The first suit was filed against Horner individually and in his capacity as Portsmouth police chief.
Friday's suit is in response to statements made by Horner in his response to the first lawsuit.
"It basically charges him (Horner) with everything that he stated in the paper yesterday (Thursday); That he is trying to trample all over constitutional rights for freedom of speech," Scott said. "I'm not a lawyer. I don't know all the legal terms. The bottom line is that Horner has connected me with everything in the area except Osama bin Laden being at my house for dinner. So, he's going to have to verify everything that he said to your newspaper yesterday."
The suit contains two claims. The first being, "Since in or about 2004 and to the present time, defendant Horner has made statements to members of the Portsmouth Daily Times and/or the Scioto County community and others to the effect that and/or insinuating that plaintiff is involved in illegal activity and/or that his political activity is contrary to law and/or that he is a terrorist and/or that he is involved in a terrorist gang with 'anti-religion, anti-government, anti-American, and/or anti nuclear interests, which may be affiliated with the uranium enrichment plant,'" he said.

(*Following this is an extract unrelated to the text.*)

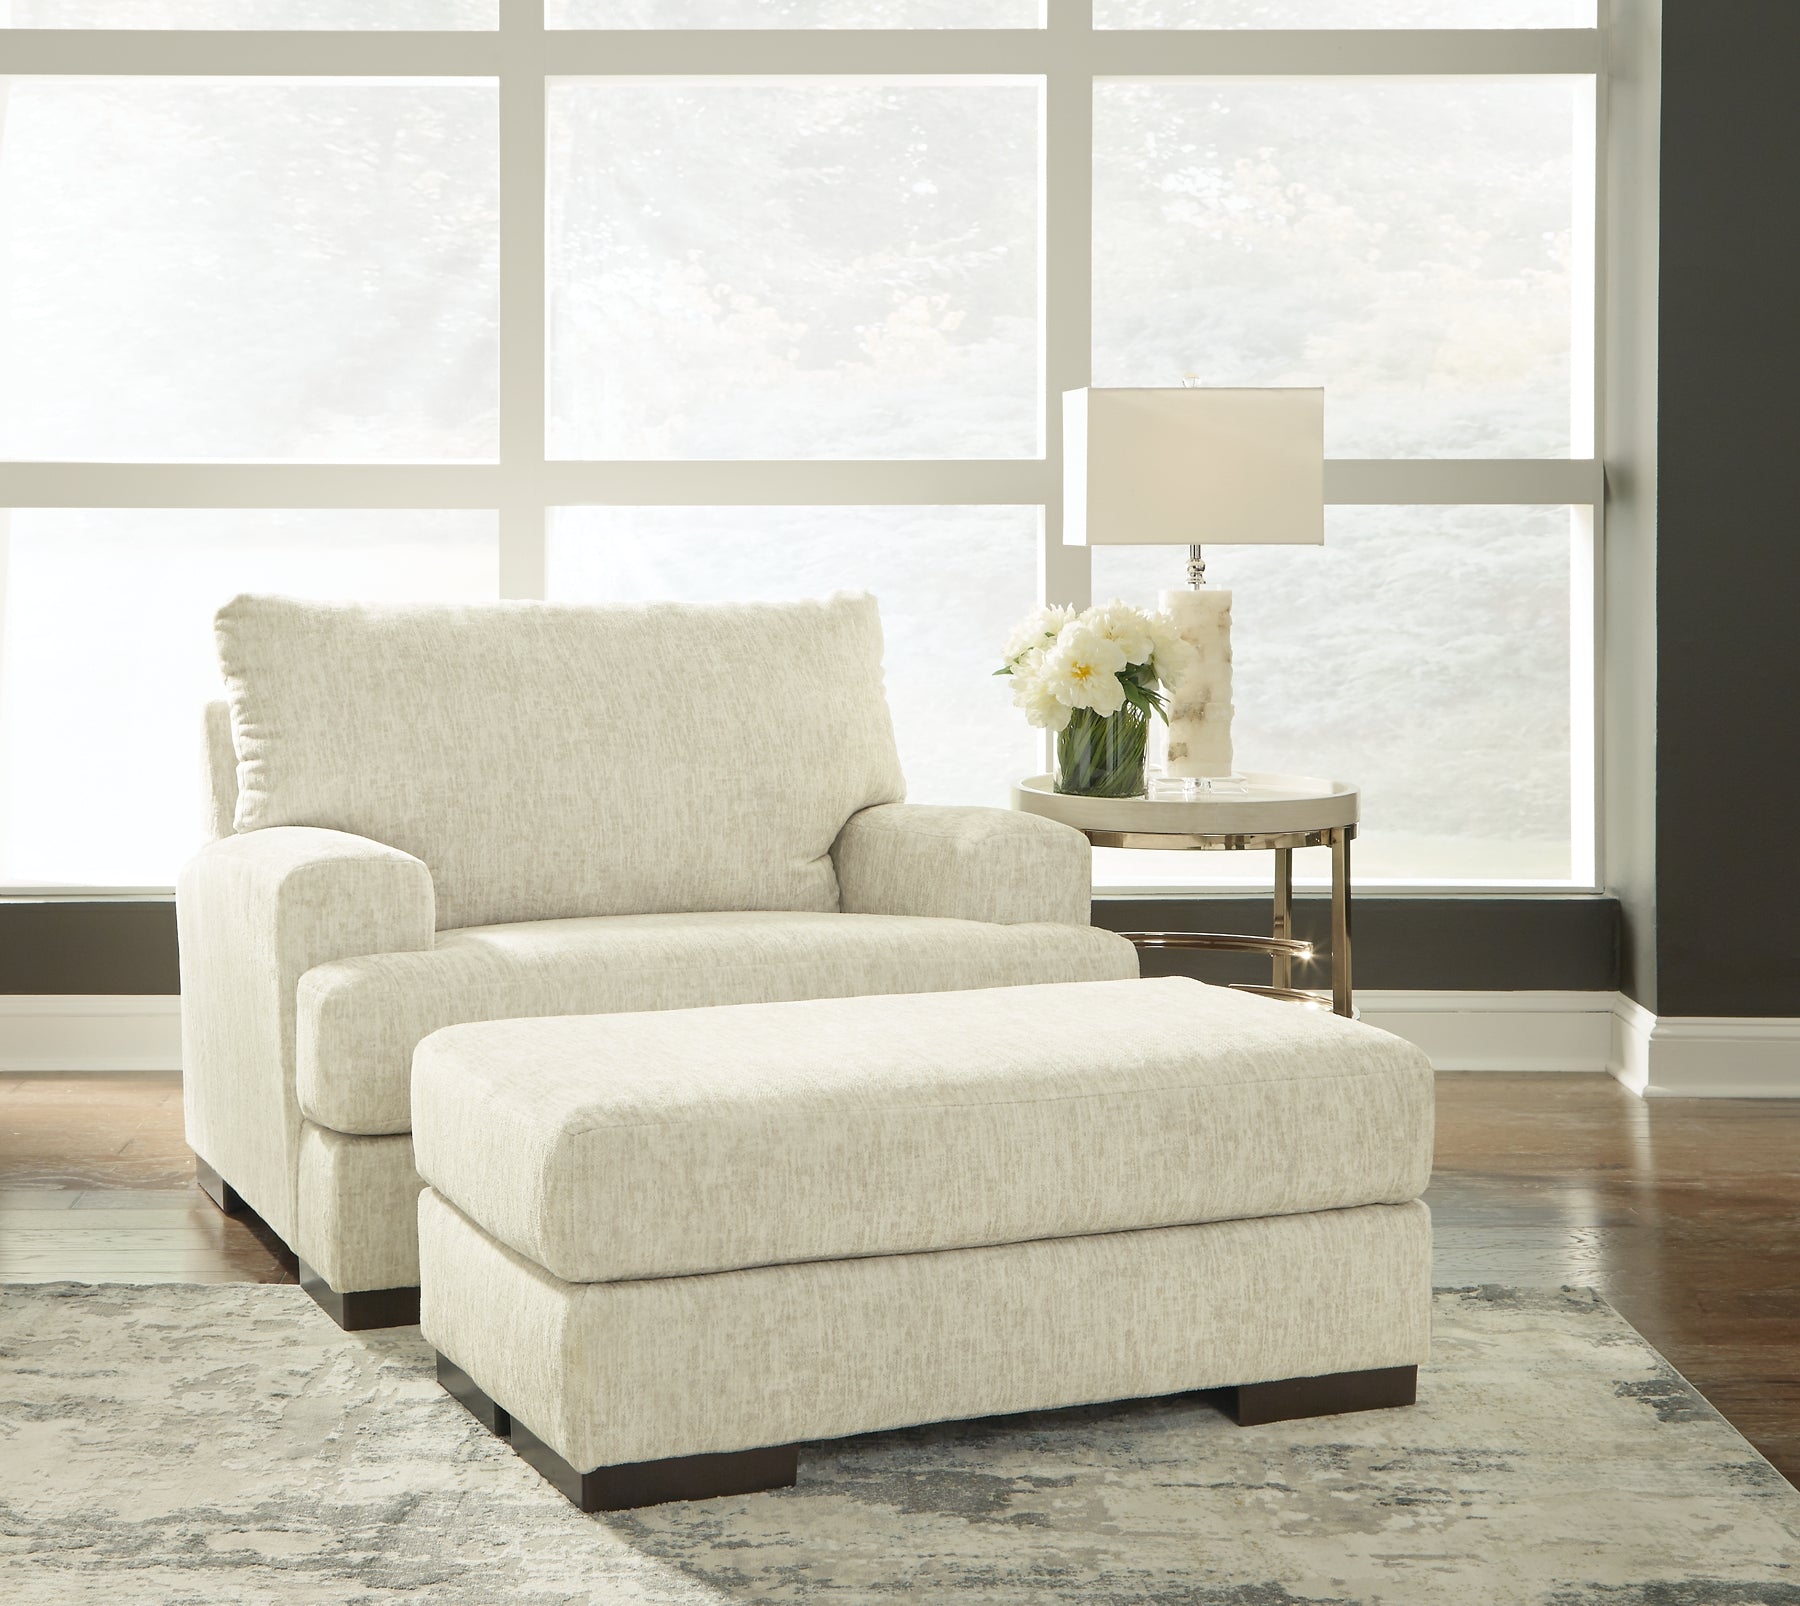 Caretti Sofa, Loveseat, Chair and Ottoman Rent Wise Rent To Own Jacksonville, Florida

Scott said according to the statements made in the Times article by Horner, "that I shouldn't have the right to voice my opinion, that I shouldn't have the right to be political, that I'm associated with all these criminals and drug dealers, and all this kind of stuff."
The first claim goes on to accuse Horner of making false and malicious statements which the suit says "reflect poorly upon the character and reputation of plaintiff and put the same in disrepute, all with the knowledge that the same are false."
The second claim is charges made by Horner concerning Scott, "constitutes defamation of the character of plaintiff."
The suit asks for compensatory and special damages in excess of $25,000, punitive damages in excess of $25,000, and reasonable attorney fees and costs and expenses.
Capt. David Thoroughman has been appointed interim police chief pending the outcome of the investigation.